Michael Tontchev comments on A Shutdown Problem Proposal

Michael Tontchev 3 Feb 2024 7:30 UTC
3 points
0
- Each agent finds its existence to be valuable.
- Moreover, each agent thinks it will get to decide the future.
- Each agent would want to copy itself to other systems. Of course the other agent wouldn’t allow only the first agent to be copied. But since they both think they will win, they’re happy to copy themselves together to other systems.
- The agents therefore copy themselves indefinitely.
Moreover, you claimed that they wouldn’t care about manipulating button state. But surely they care about the signal to their operating harness that relays the button state, and they don’t have certainty about that. If they think the button state is certain but the signal isn’t, they may want to manipulate that.

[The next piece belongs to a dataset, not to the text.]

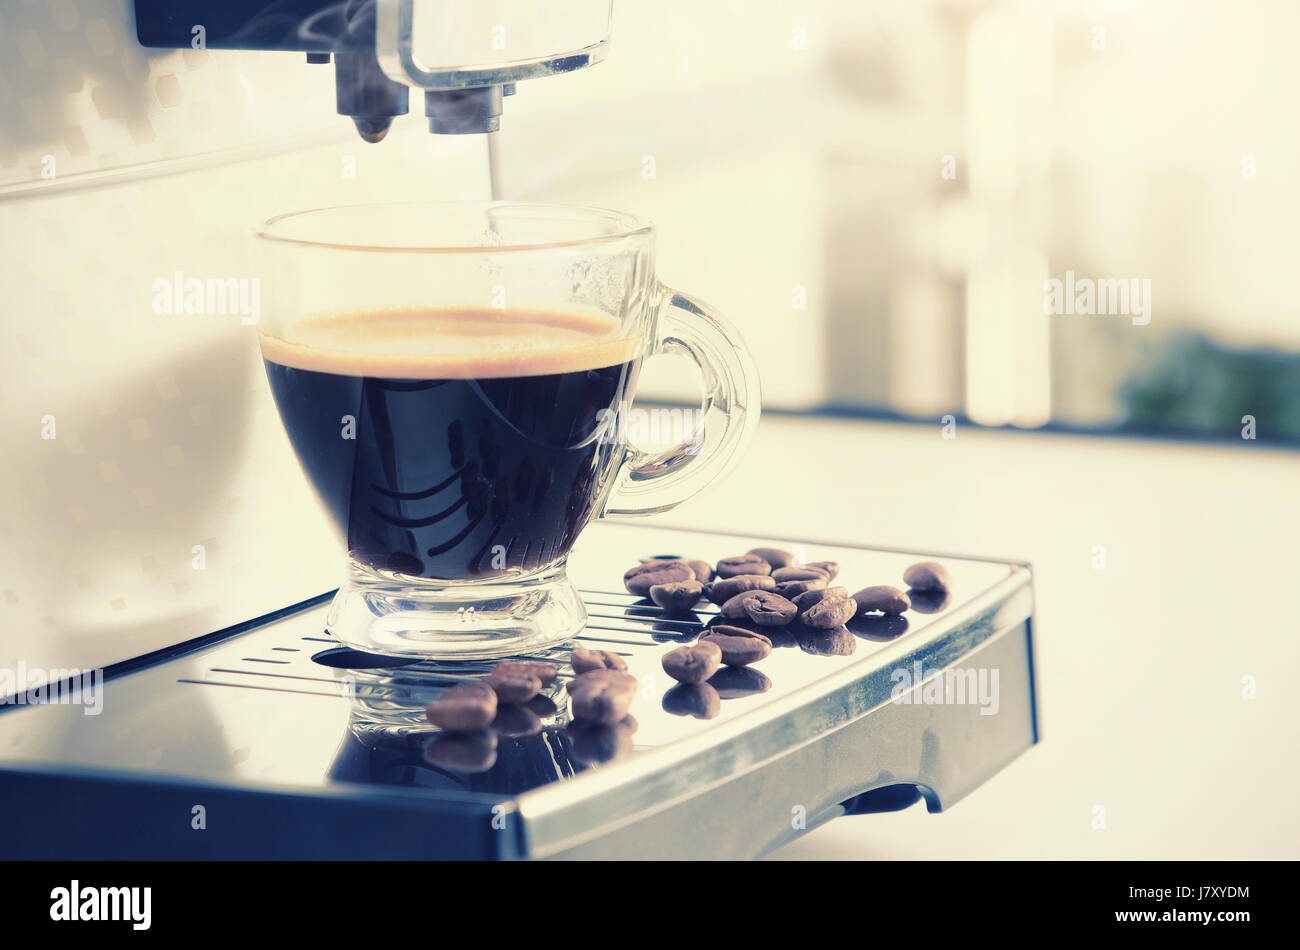 Zu Hause professionelle Kaffeemaschine mit Espresso-Tasse. Kaffee Maschine Espresso Tasse heiße italienische weiße Küchenkonzept Stockfoto

Ok, you say, let’s just bake the signal about the button into the problem rather than the state of the button. Ah, but in that case, when the AIs agree to copy themselves together (as we saw they would), they don’t copy over the part of the system that actually transmits the signal, since they’re convinced the signal will always magically come. And now, for the copies, the signal becomes broken in reality, and the button does nothing for the copies.
- johnswentworth 3 Feb 2024 18:28 UTC
  2 points
  0
  Parent
  Yup, the full agent (including the two subagents) is happy to copy itself. That is a feature, not a bug. The important thing is that the copy also respects the shutdown signal.
  The agent will not manipulate the signal which relays the button state except to make it more accurate, because both subagents want an accurate reading of the button state. This is because both subagents act-as-though the button itself will definitely be in their favor, and therefore any possibility of an inaccurate reading is bad for them.